• EXCERPTED RECORDS:
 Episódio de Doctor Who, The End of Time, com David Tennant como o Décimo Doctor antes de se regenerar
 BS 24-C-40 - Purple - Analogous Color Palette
* * *
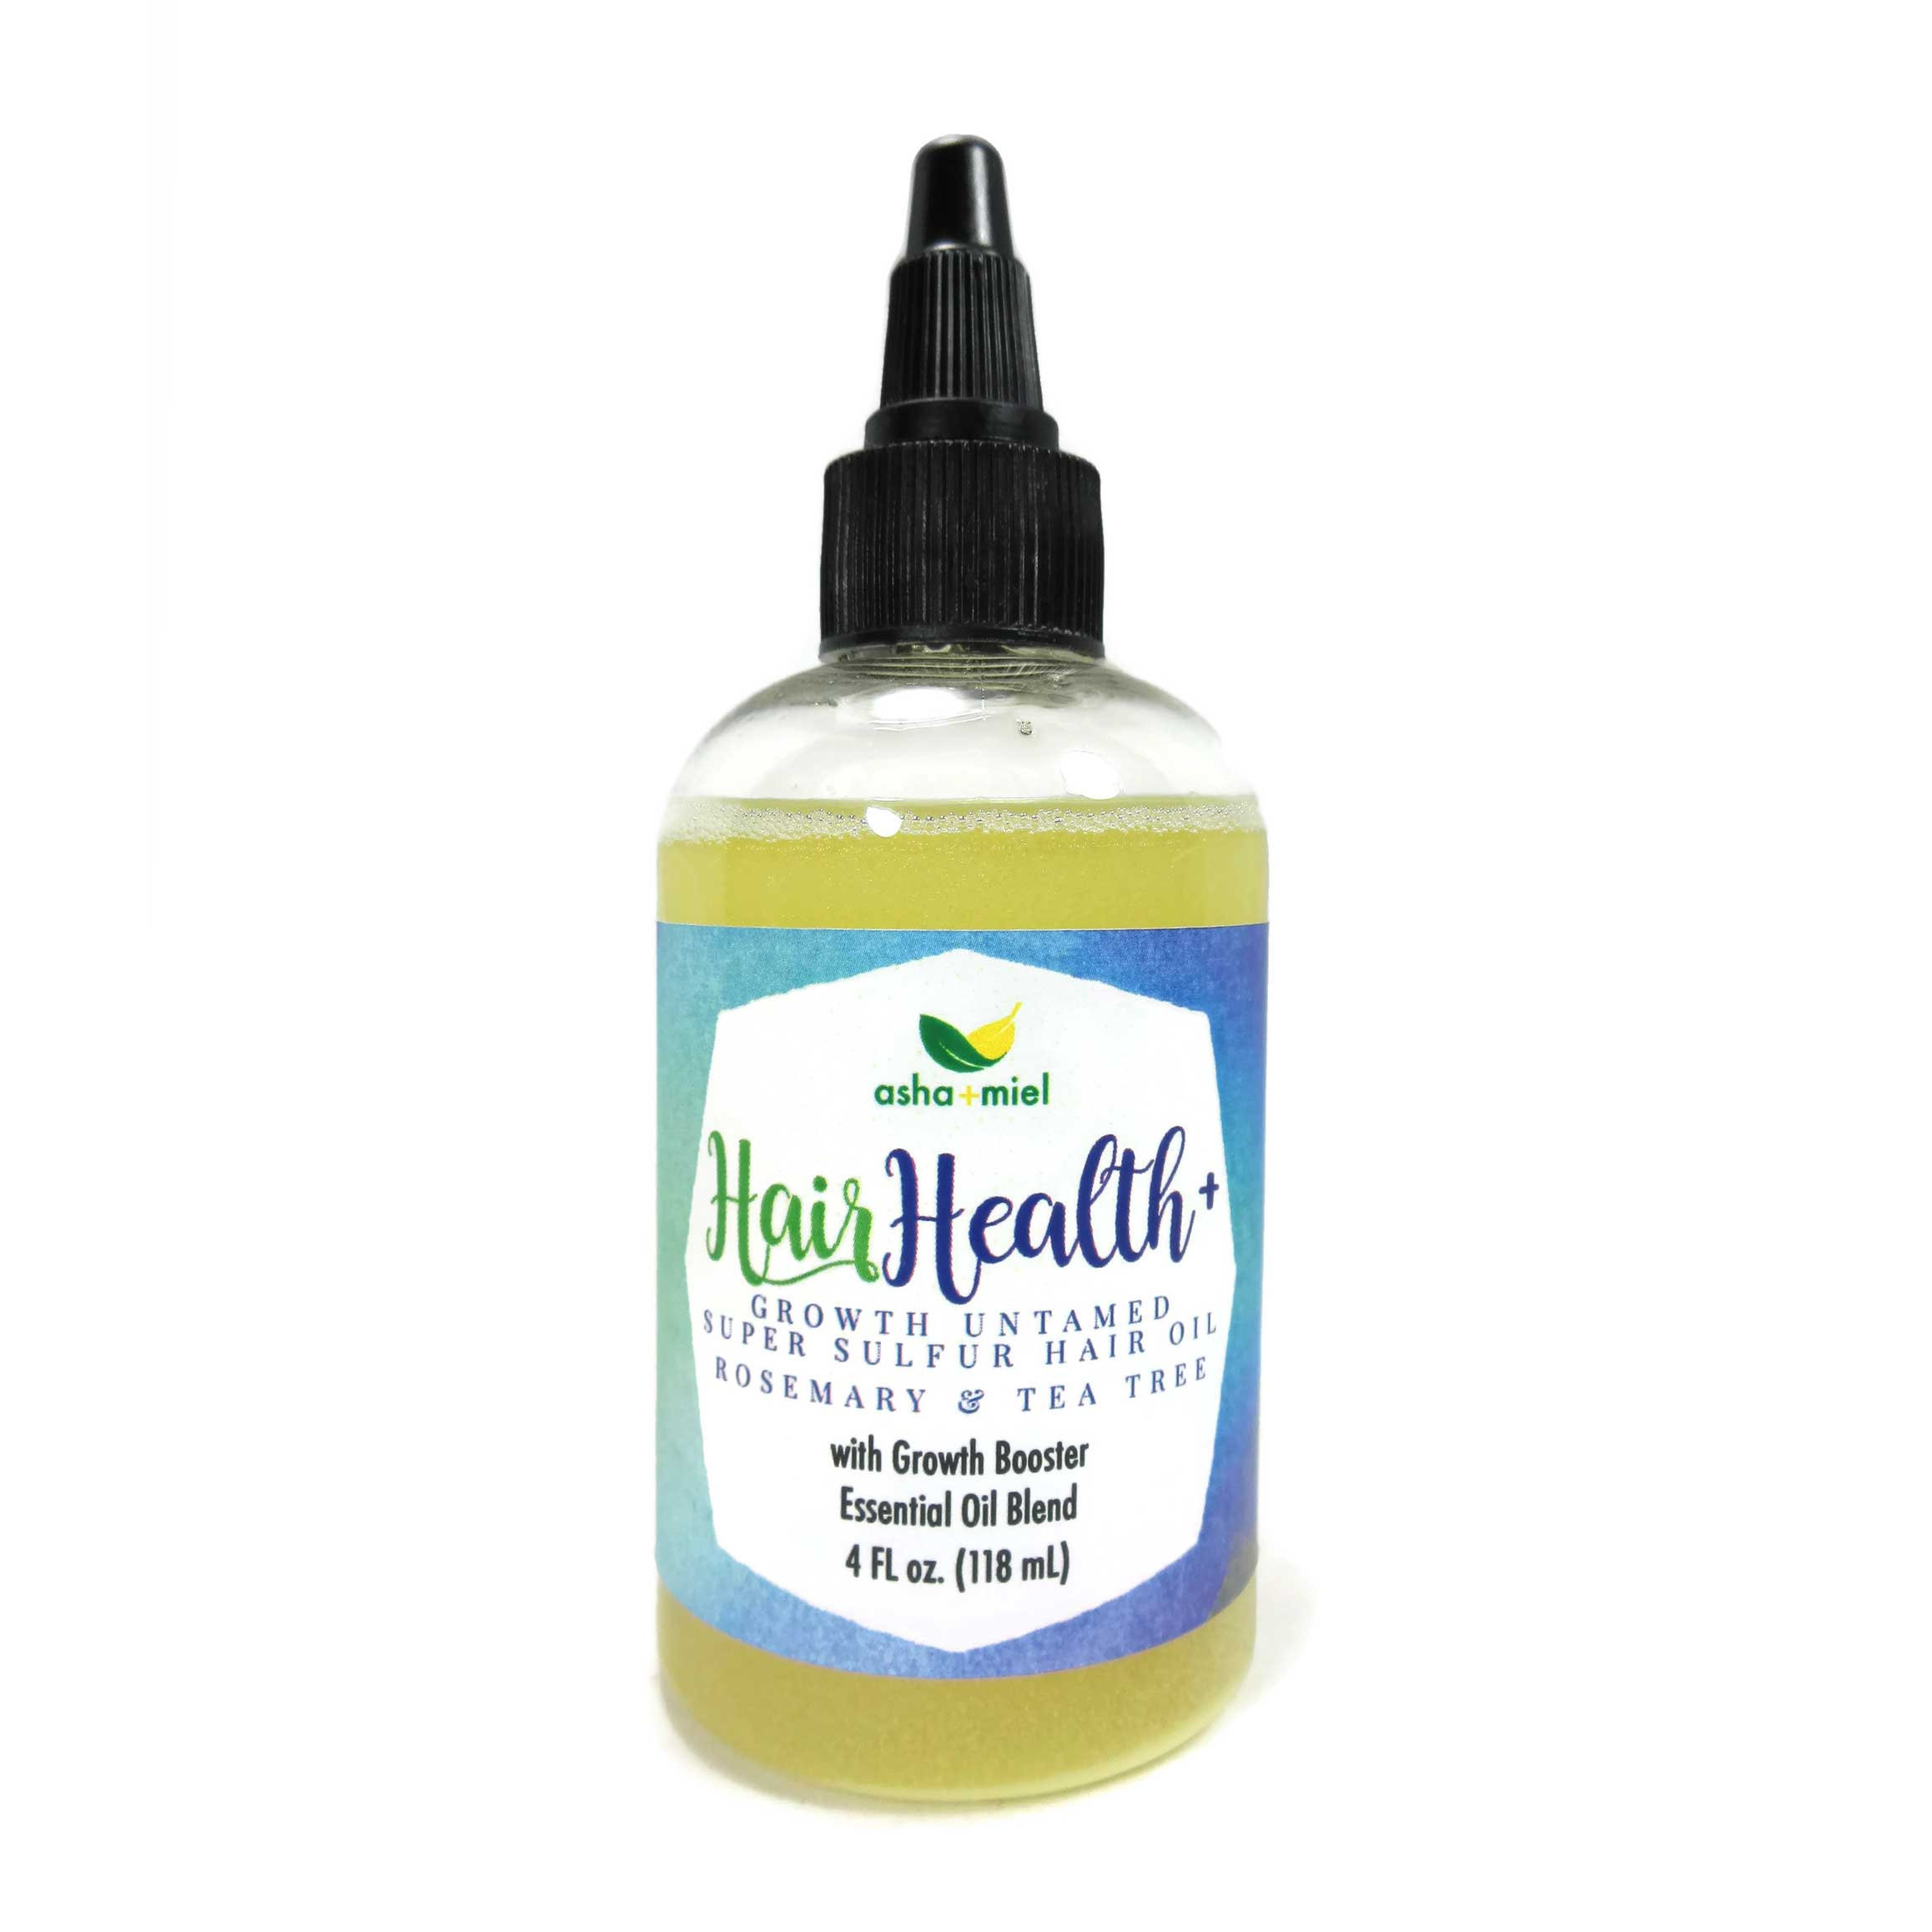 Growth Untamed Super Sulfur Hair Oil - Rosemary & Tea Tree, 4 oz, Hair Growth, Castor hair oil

• WORK ORDER:
Only the lines above starting at the one containing "Episódio de Doctor" and ending at the one containing "BS 24-C-40 - Purple", both included, are to be returned, exactly as they read.

• OUTPUT BELOW:
 Episódio de Doctor Who, The End of Time, com David Tennant como o Décimo Doctor antes de se regenerar
 BS 24-C-40 - Purple - Analogous Color Palette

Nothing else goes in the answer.